Tintín en el Congo se inicia
el 5 de junio de 1930, año en que el término “racismo”, inventado en 1894 por
el panfletista Gaston Méry, ingresa oficialmente en la lengua francesa. Téngase
igualmente en cuenta que estamos a 15 años de que la Segunda Guerra Mundial
termine con la victoria de los valores democráticos que desencadenarán, otros
15 años más tarde, el fin del coloniaje europeo en África; pero también a casi
cuarenta años del reconocimiento de los derechos civiles de los negros en
Estados Unidos.
Hergé comienza su
segunda obra con 23 años, sin haber salido de su pequeño y conservador país más
que para excursionar por algunos países europeos, y hallándose bajo la
influencia del autoritario director del periódico católico y nacionalista donde
trabaja como ilustrador, diseñador, fotógrafo, etc.
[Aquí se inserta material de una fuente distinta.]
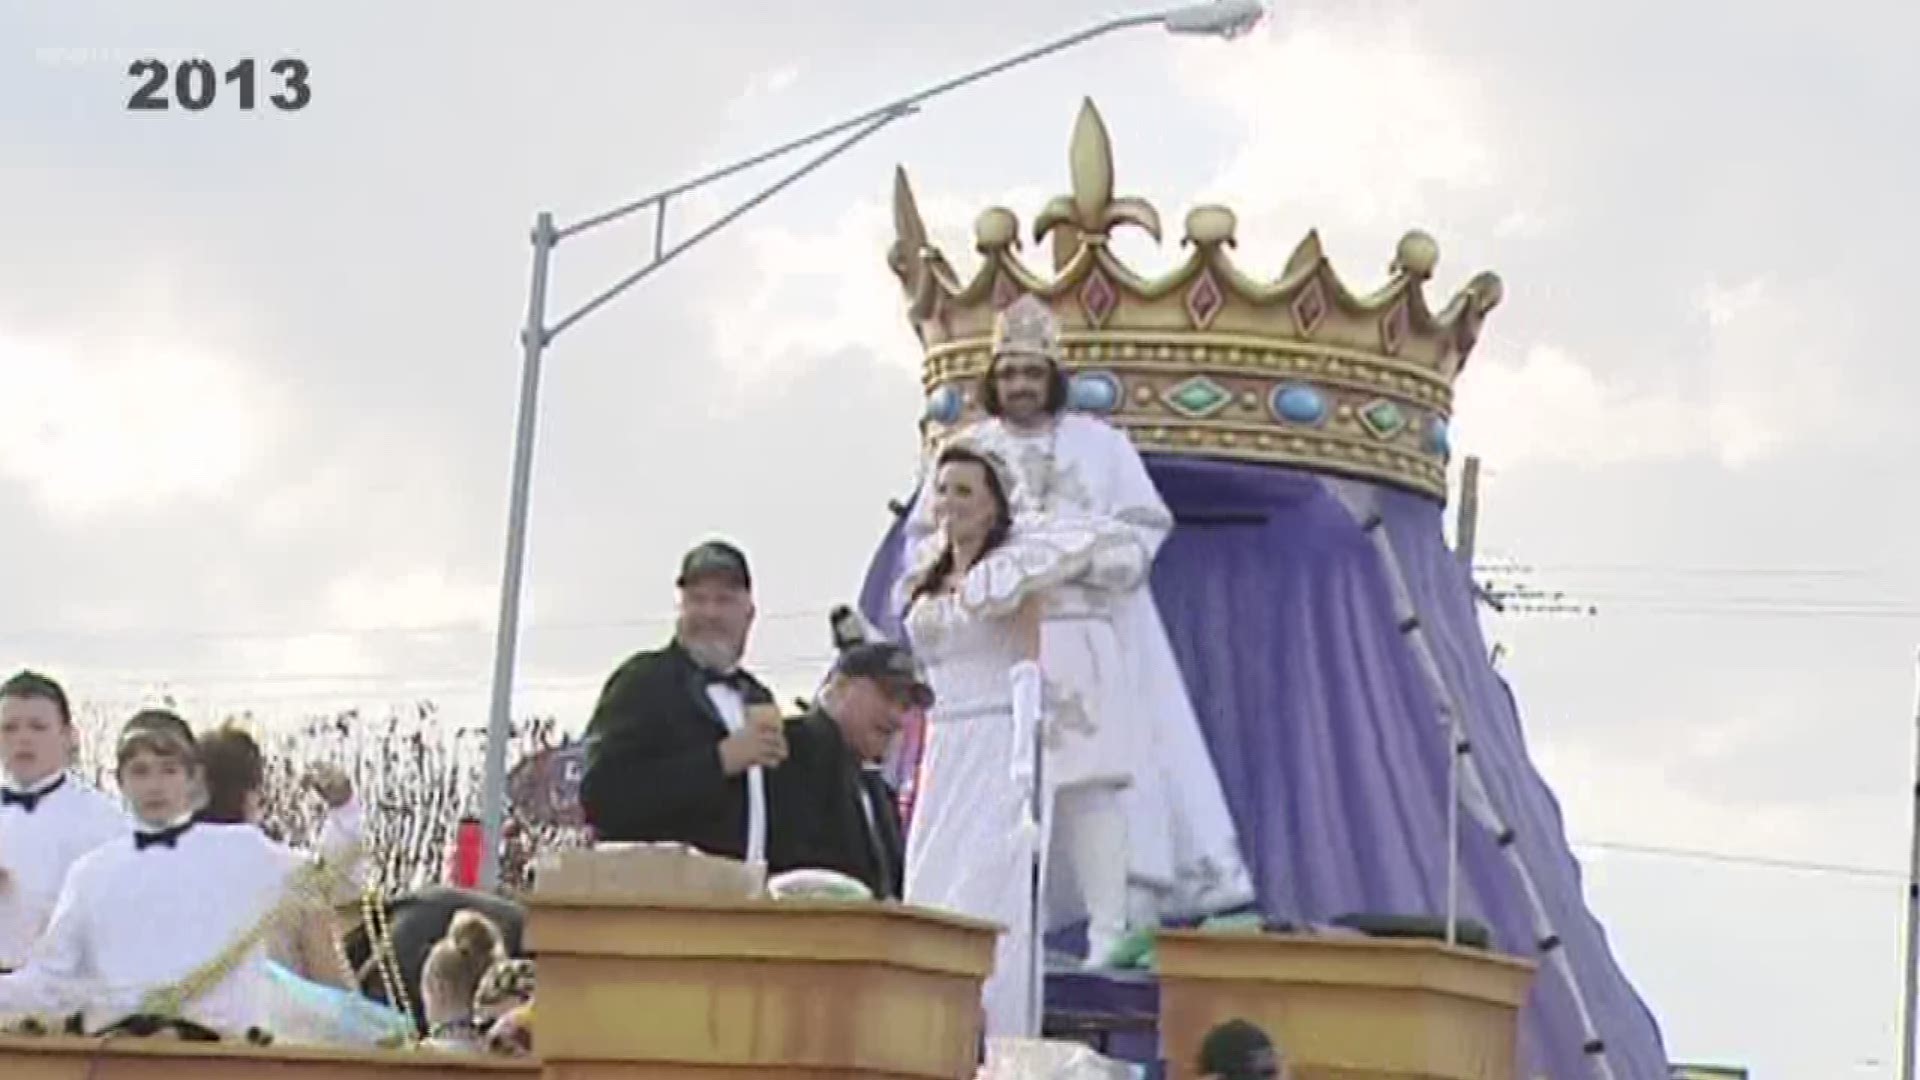 Over the years, the number of Carnival parades in Jefferson Parish dropped from 19 to 9.

El abate Wallez impuso el
escenario de esta aventura (como había impuesto el de la primera: la Rusia
Soviética) contrariando los deseos del joven historietista, que deberá esperar
a septiembre de 1931 para comenzar Tintín en América, un álbum donde la
autonomía al fin alcanzada por Hergé se refleja no solo en mejores trama y
dibujo, sino en una clara simpatía por los « pieles rojas » y una
evidente crítica del capitalismo expoliador anglosajón.
Tintín en el Congo se integró
en la estrategia del periódico y el hombre que empleaban a Hergé, embarcados en
la campaña del Estado belga por conseguir la implicación de sus “fuerzas vivas”
en la explotación de la colonia heredada en 1908 de su rey Leopoldo II (quien
la obtuviera como propiedad personal en 1885): el Congo Belga, luego
Congo-Kinshasa, Congo-Leopolville, República Democrática del Congo y Zaire,
antes de recuperar su precedente denominación (R.D.C.) en 1997. De la agitada
historia congoleña nos interesa aquí el período en que ese territorio pluriétnico
e inmensamente rico comienza a ser capitalísticamente explotado por una lejana
nación europea, 80 veces menos extensa y bastante menos poblada.
La mejor prueba del compromiso ideológico de Tintín en el Congo con
el colonialismo belga es la clase de geografía en que el protagonista lanza:
“Voy a hablaros de vuestra patria, Bélgica” a los niños congoleños que llenan
la escuelita de la misión de los Padres Blancos (congregación así llamada por
el color de las sotanas y no de la piel de los sacerdotes que la integran).
Criticadísima, la situación solo aparece en las versiones de 1930-31 y 1937, y
se ve substituida por una banal lección de aritmética en la versión definitiva.
No hay dudas de que la modificación se imponía en 1947, cuando la difusión
de “Las Aventuras de Tintín” se internacionaliza, y en esta versión lo que
Tintín imparte es simple aritmética pero...
¿cuál era el verdadero sentido de la frase de Tintín en la versión original?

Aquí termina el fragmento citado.